Ещё пару часов назад она не знала, что делать дальше и куда идти. Сидя в одиночестве на скамейке она плакала навзрыд, и всё, чего ей хотелось - это оказаться где-нибудь не здесь и кем-нибудь не собой. Где-нибудь, где не будет так холодно. Кем-нибудь, кто не будет так сломан.
До этого она, конечно, слышала слово "безысходность", но и представить не могла, что эта сама безысходность может настичь её. Что эта самая безысходность окажется такой всеохватывающей. Казалось, что даже небо против неё. Казалось, что это конец, край, обрыв.
И вот, в тот самый момент, когда Гвендаллин мысленно собралась сбросить свою жизнь в овраг, появился Кристофер, который поймал её. Появился Кристофер, который по воле случая именно в это время возвращался через парк домой с тренировок по баскетболу.

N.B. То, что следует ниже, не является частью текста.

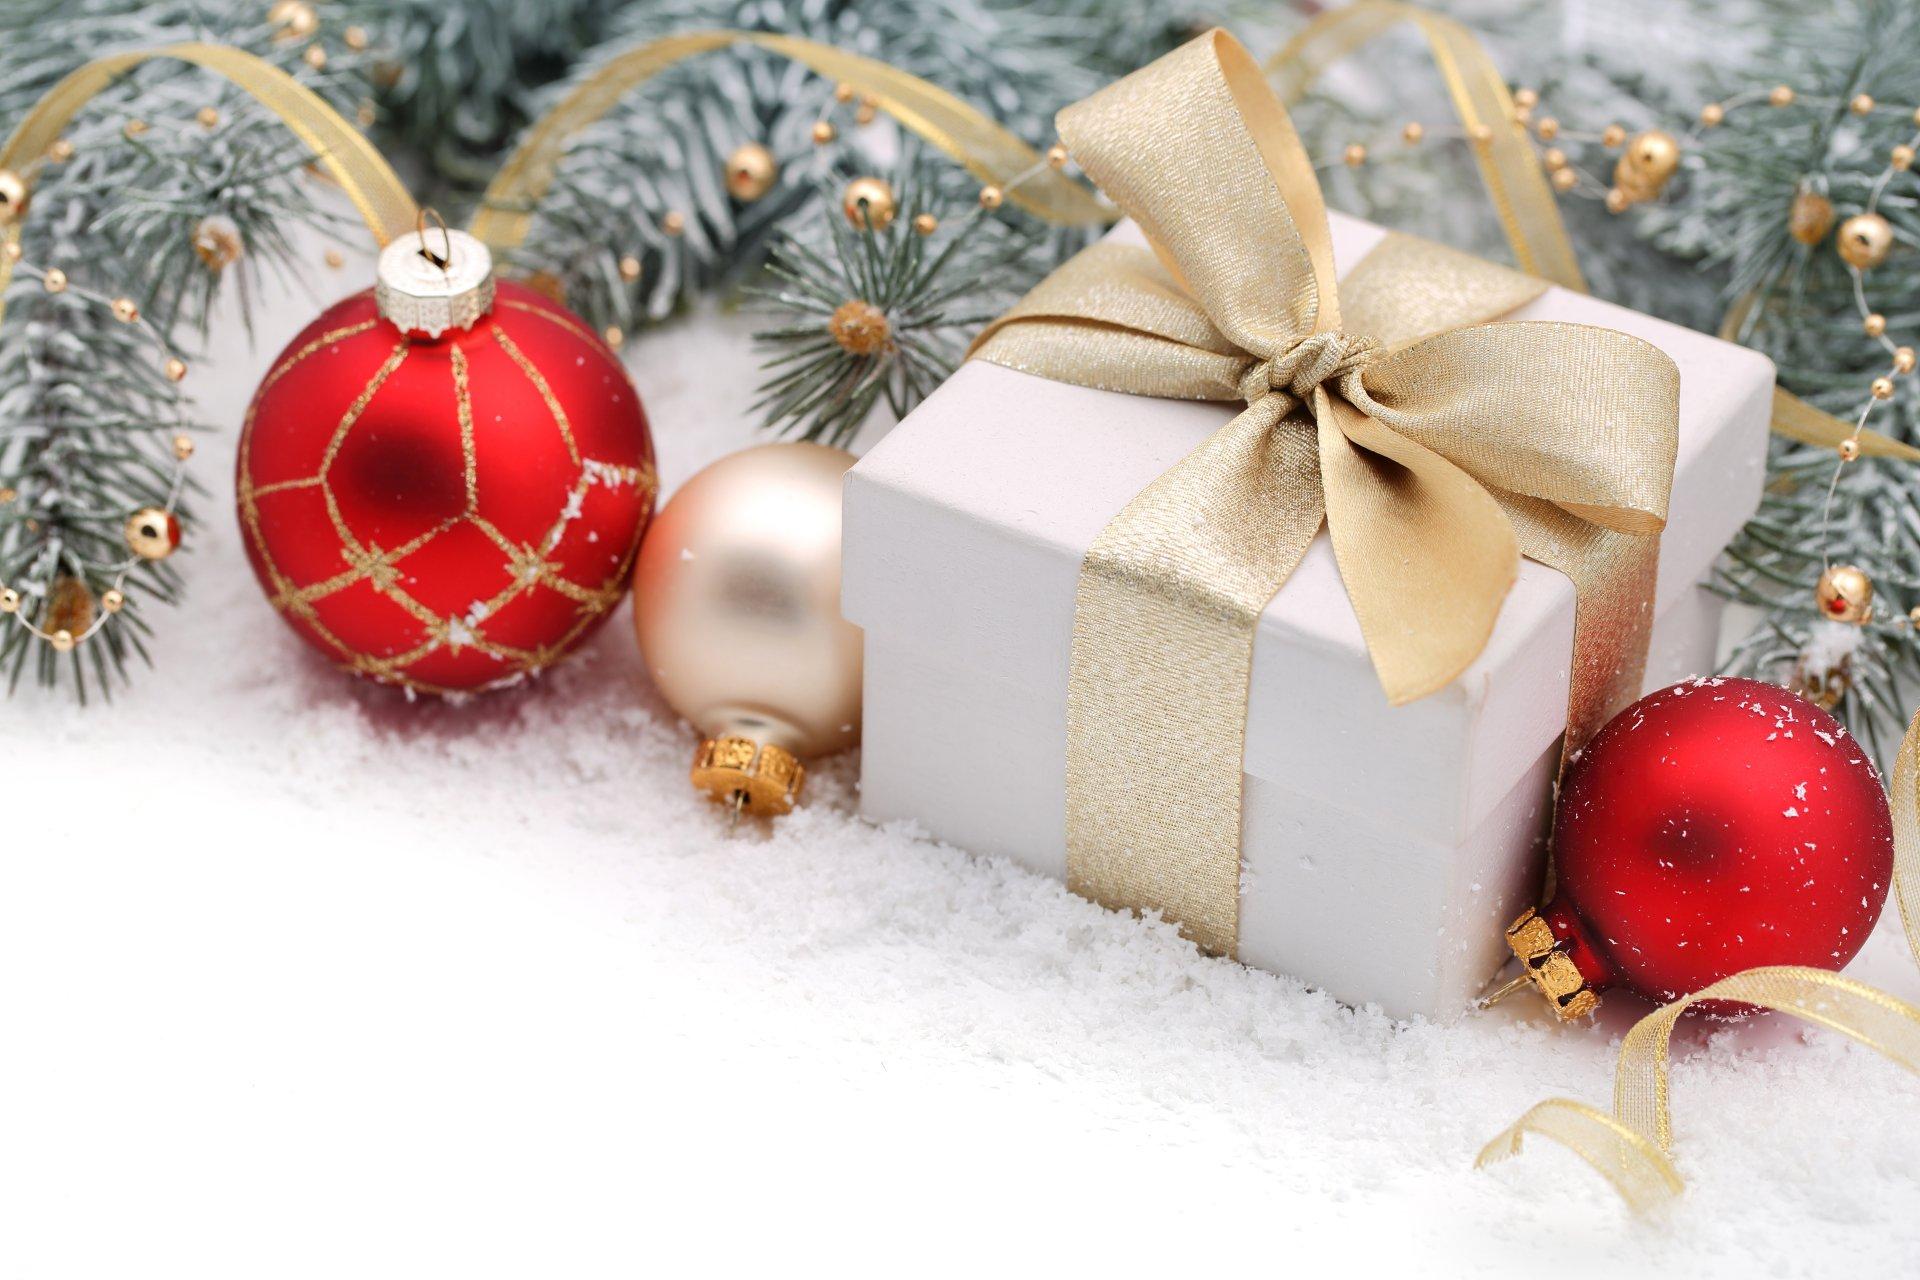 Обои подарок, Коробка, рождество, ёлочные украшения, золотые, шарики. Новый год foto 10

Гвендаллин не испытывала ничего. Ни удивления, ни страха, ни эйфории. Пустота да и только. Залить эту пустоту алкоголем было заманчивой идеей, и она решилась. Раз уж плыть по течению, то почему не до самого конца?
- Гвен, ты...
В этот раз она среагировала молниеносно. В этот раз она возразила весьма твёрдо:
- Не Гвен. Гвендаллин.
Была в этой какая-то остервенелость, какое-то леденящее отчаяния, от которого становилось не по себе, и Кристофер вдруг рассмеялся, сам толков не понимая, почему.
- Так официально! Слишком официально для девушки, у которой я собирался спросить, что она предпочитает - вино или пиво.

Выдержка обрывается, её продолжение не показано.